### Instructions to follow
Return the data below unchanged, without images.

### Data below

○ ○ ○ ○

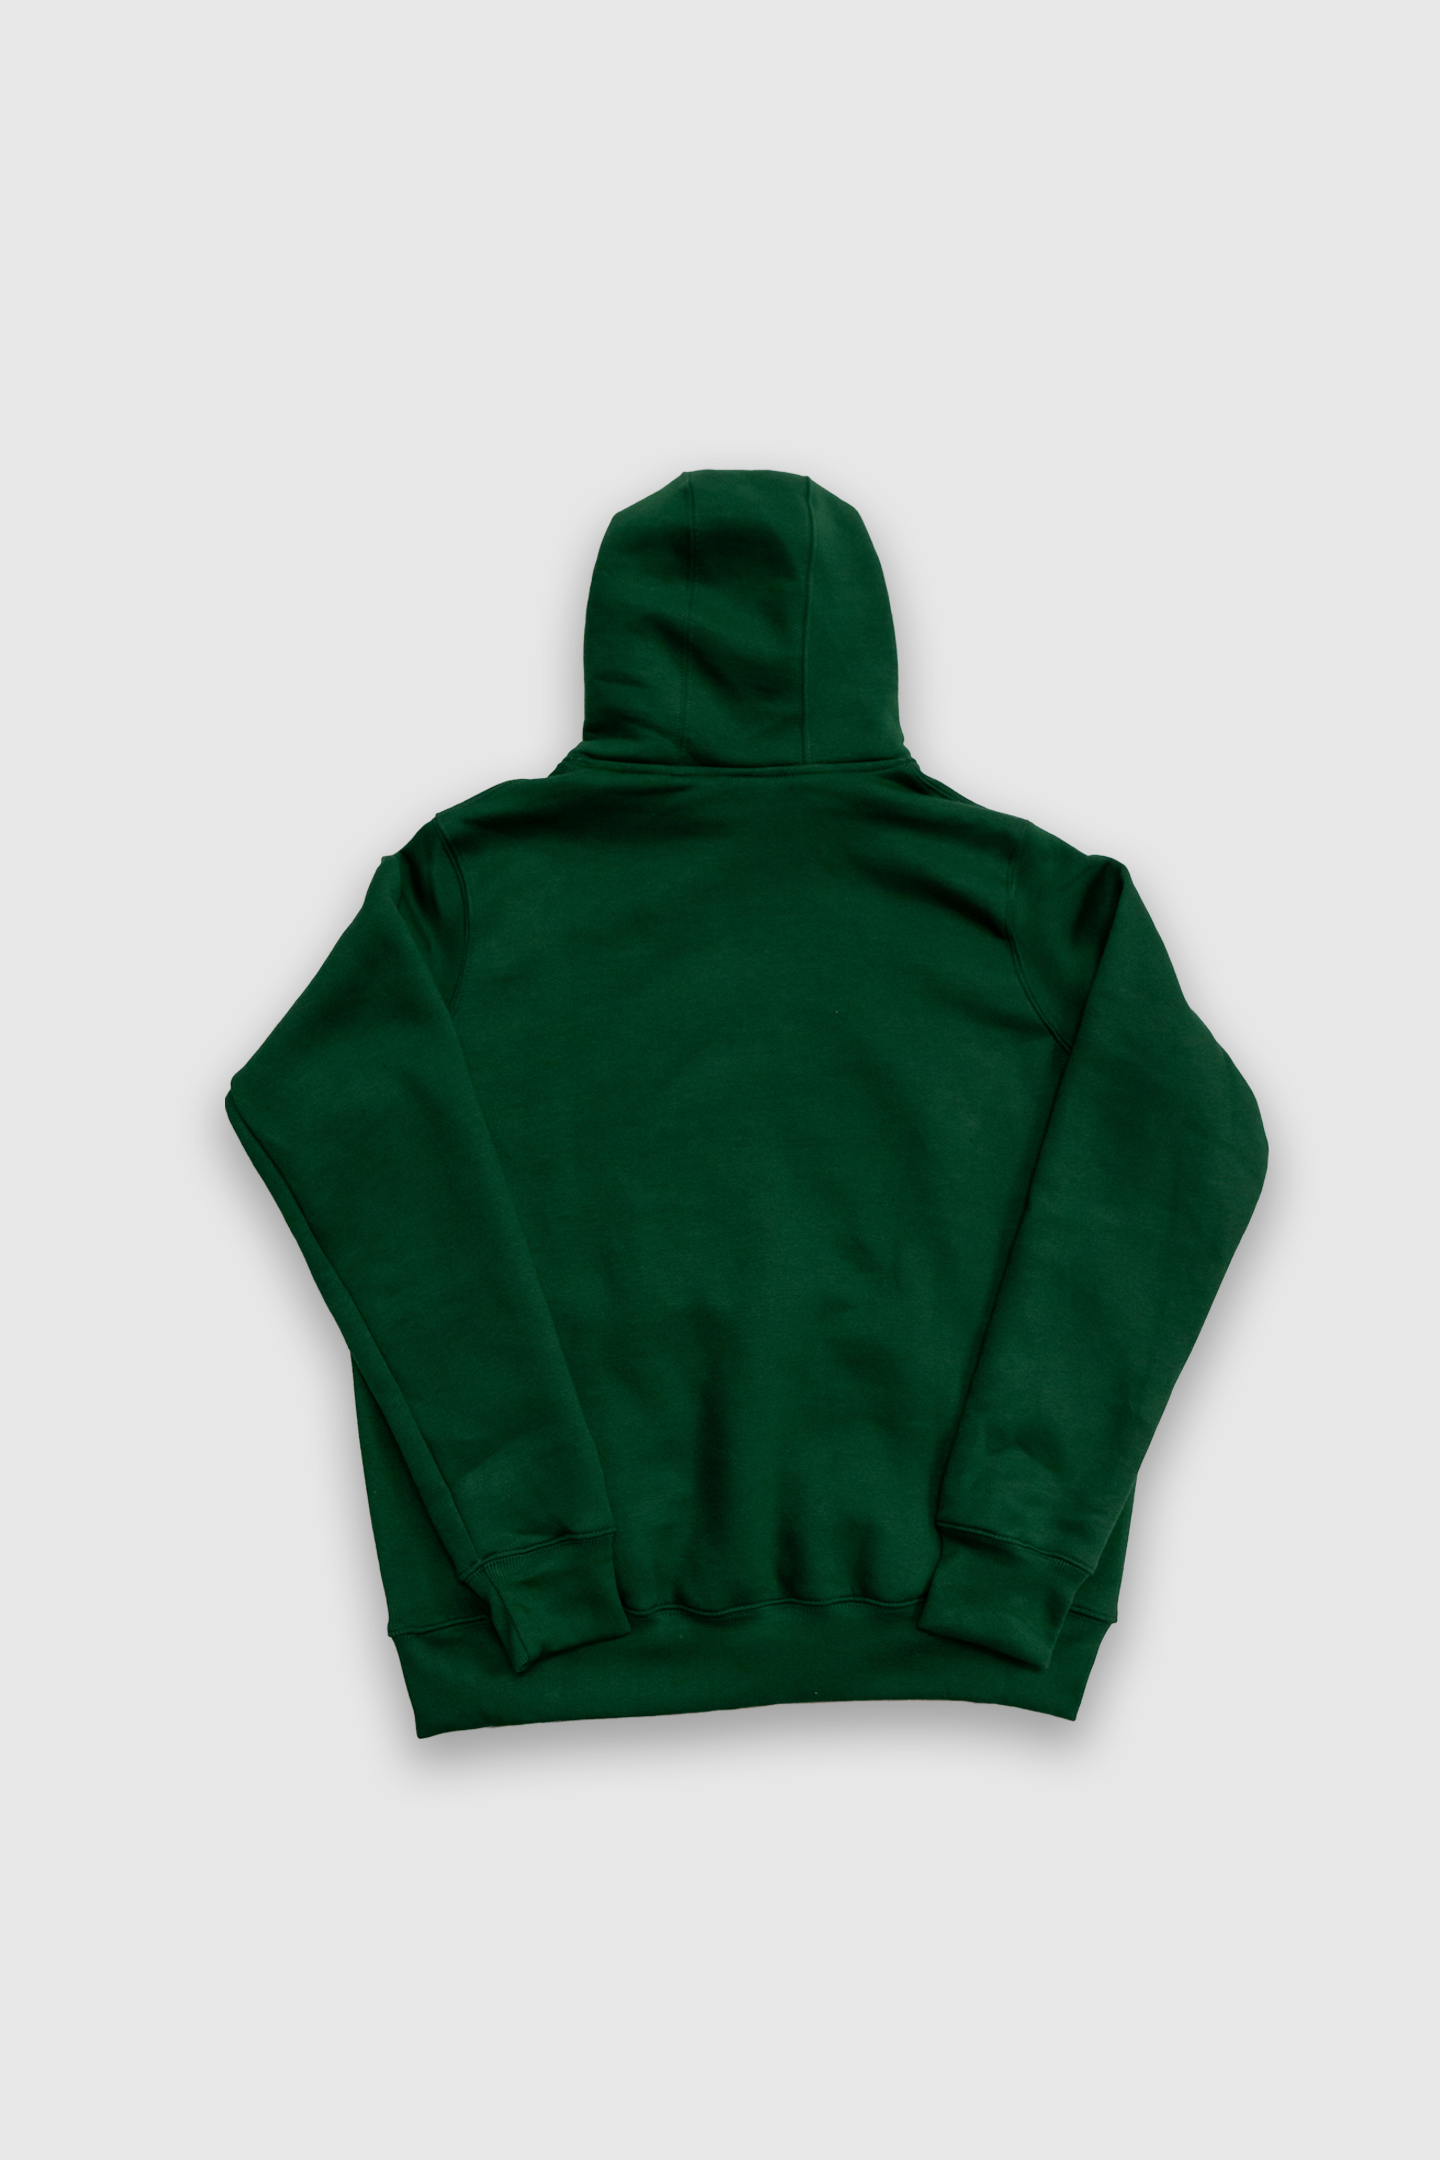 Bproud "Forest Green" Pullover Hoodie
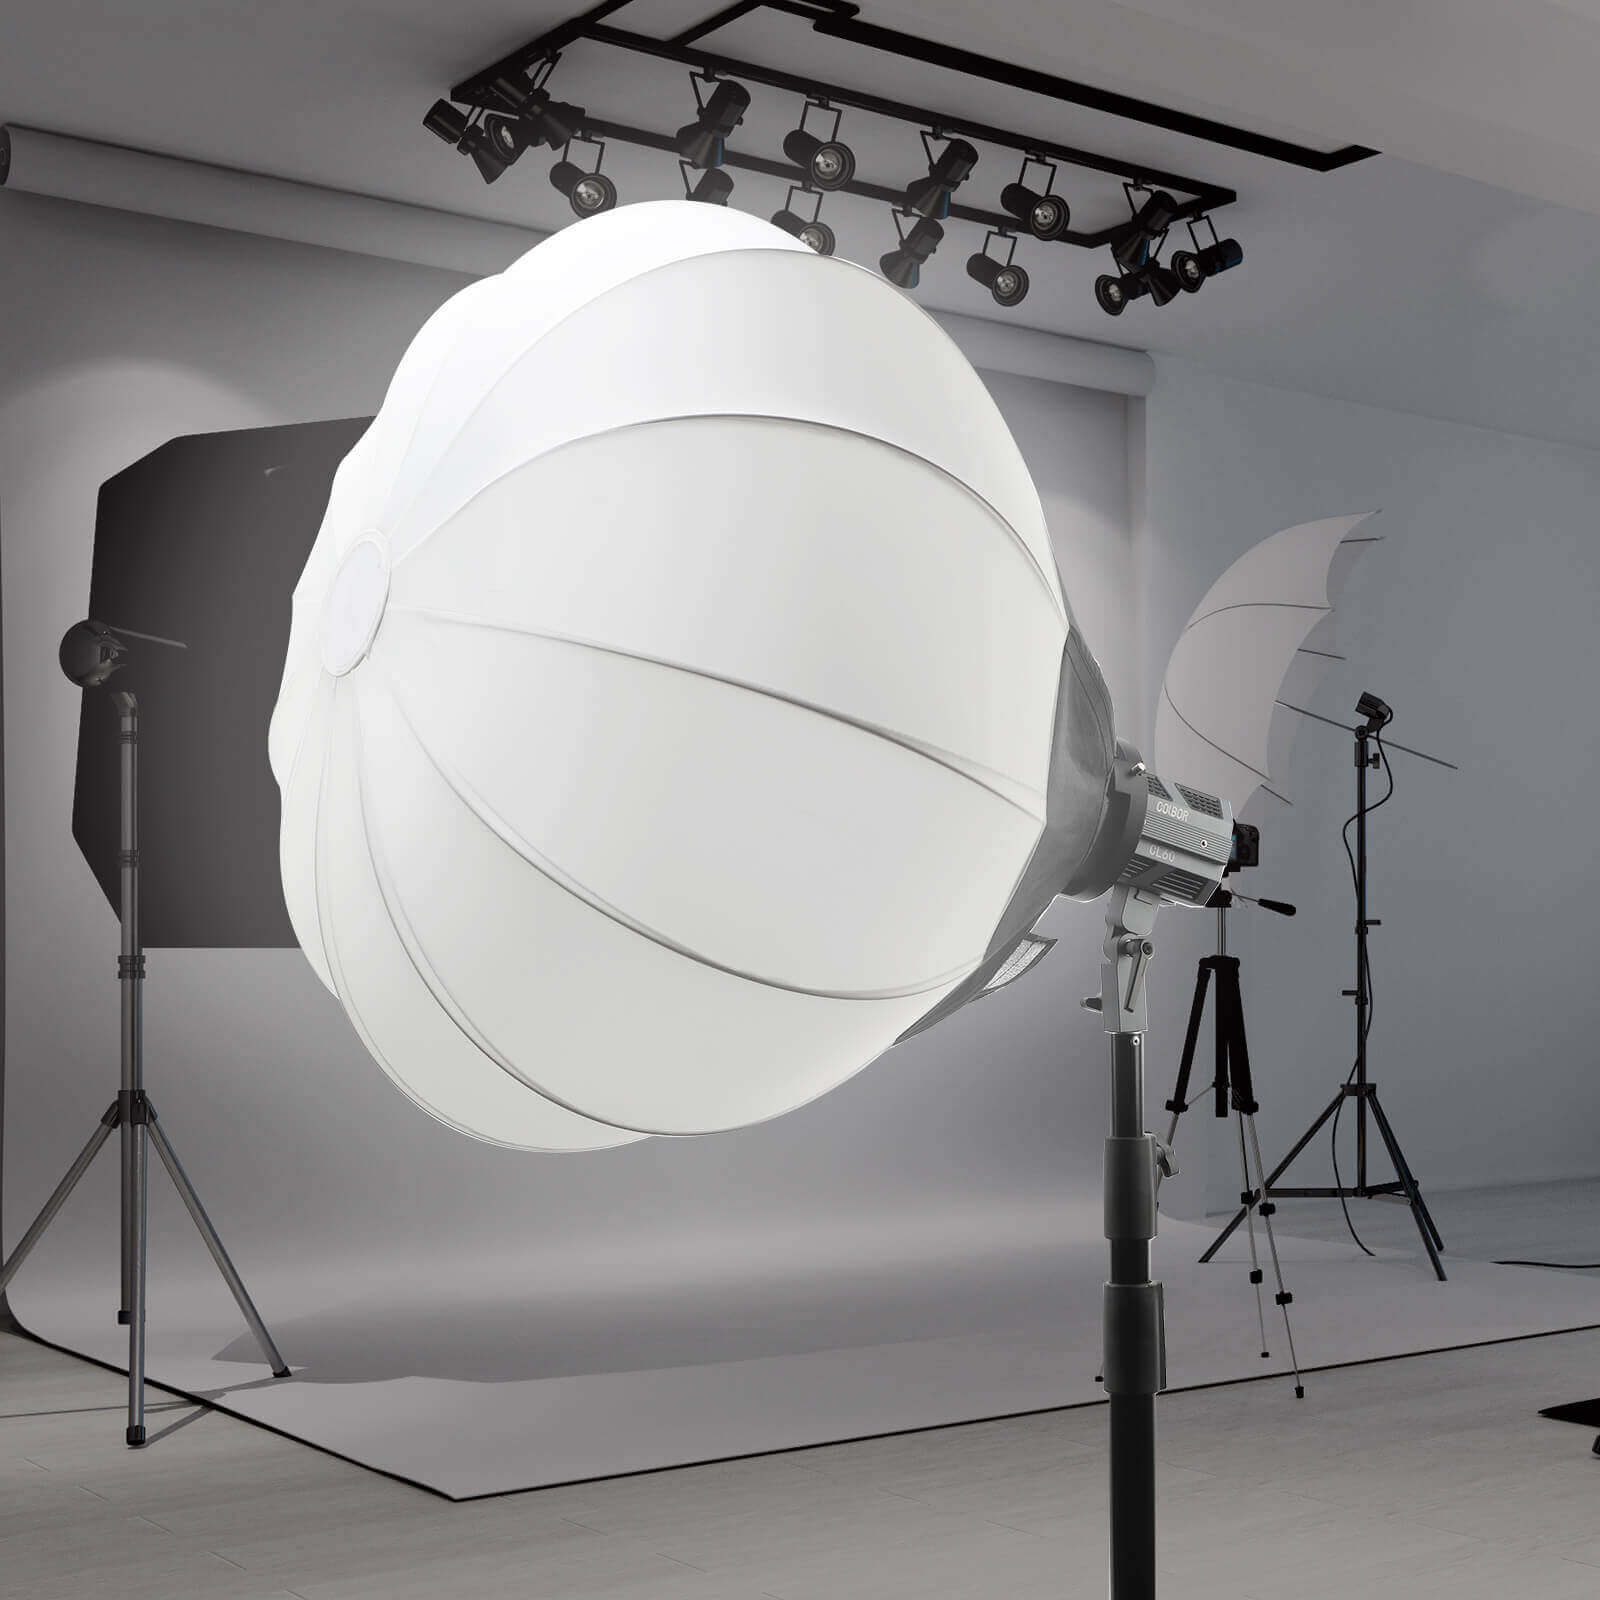 COLBOR BL65 is used with COLBOR lights to offer soft lighting for studio shooting.
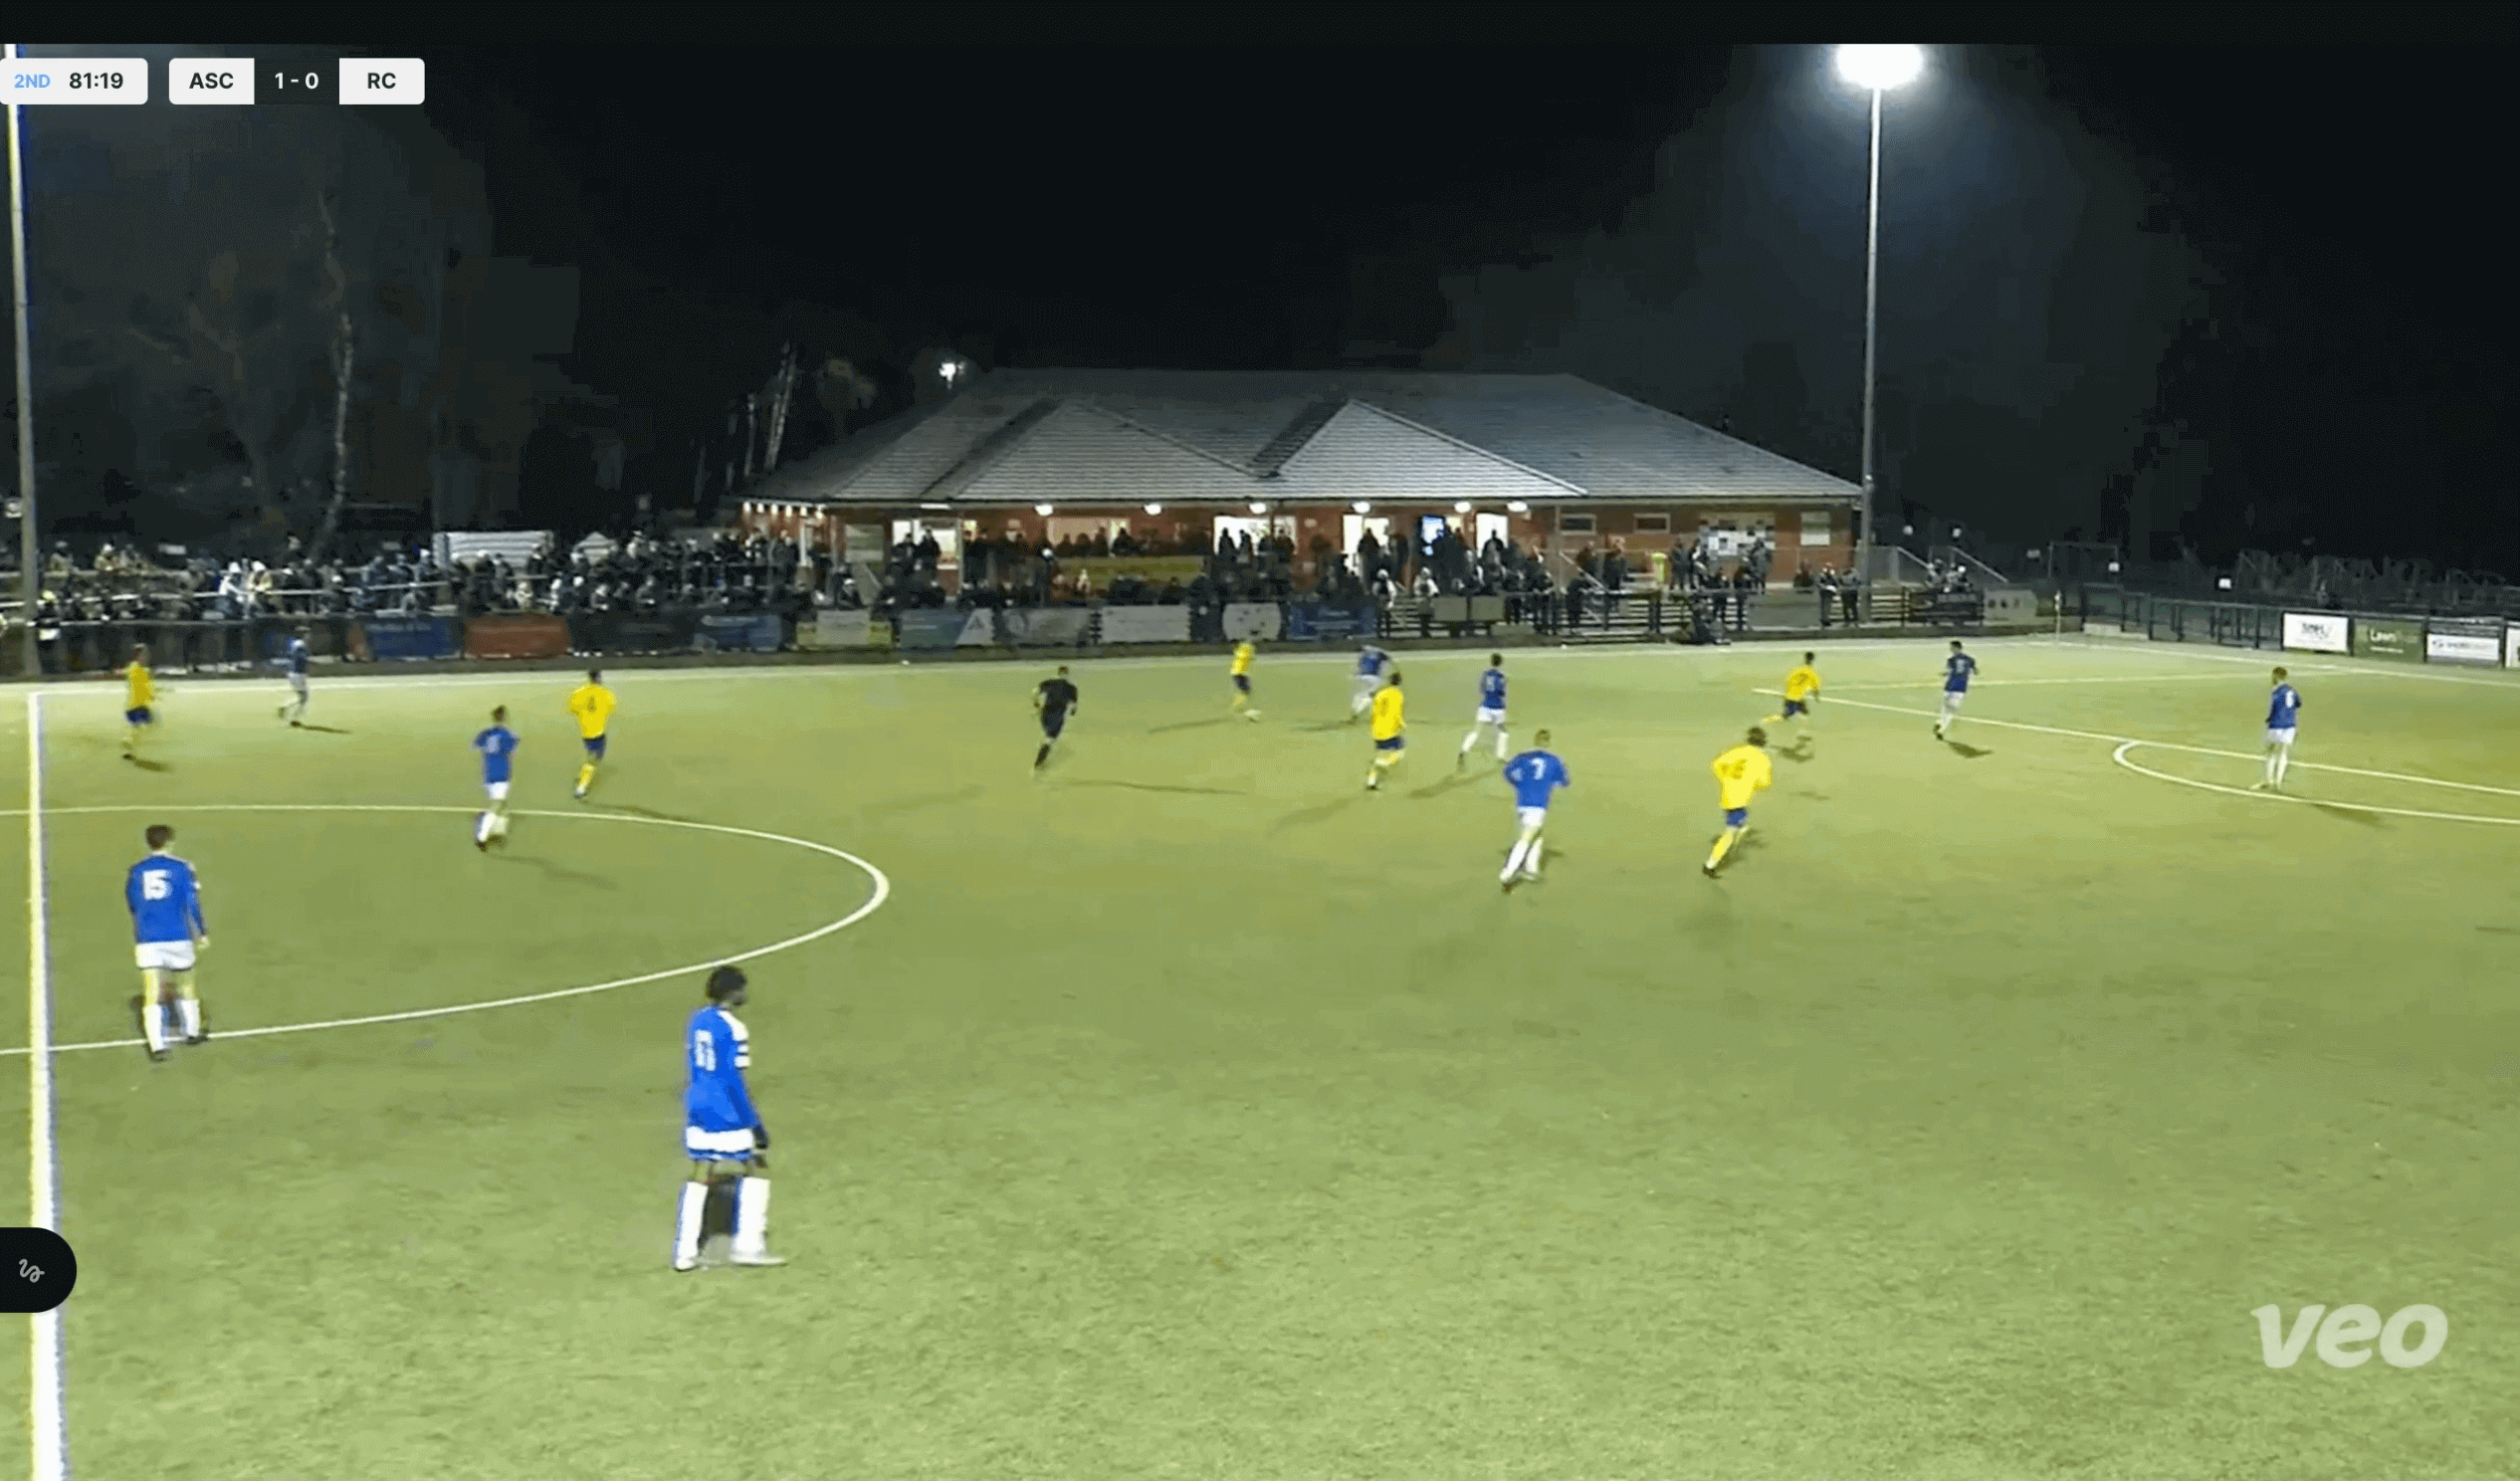 Recording from a football match captured by a Veo camera.

○ ○ ○ ○

### Solution to the exercise
 Bproud "Forest Green" Pullover Hoodie
 COLBOR BL65 is used with COLBOR lights to offer soft lighting for studio shooting.
 Recording from a football match captured by a Veo camera.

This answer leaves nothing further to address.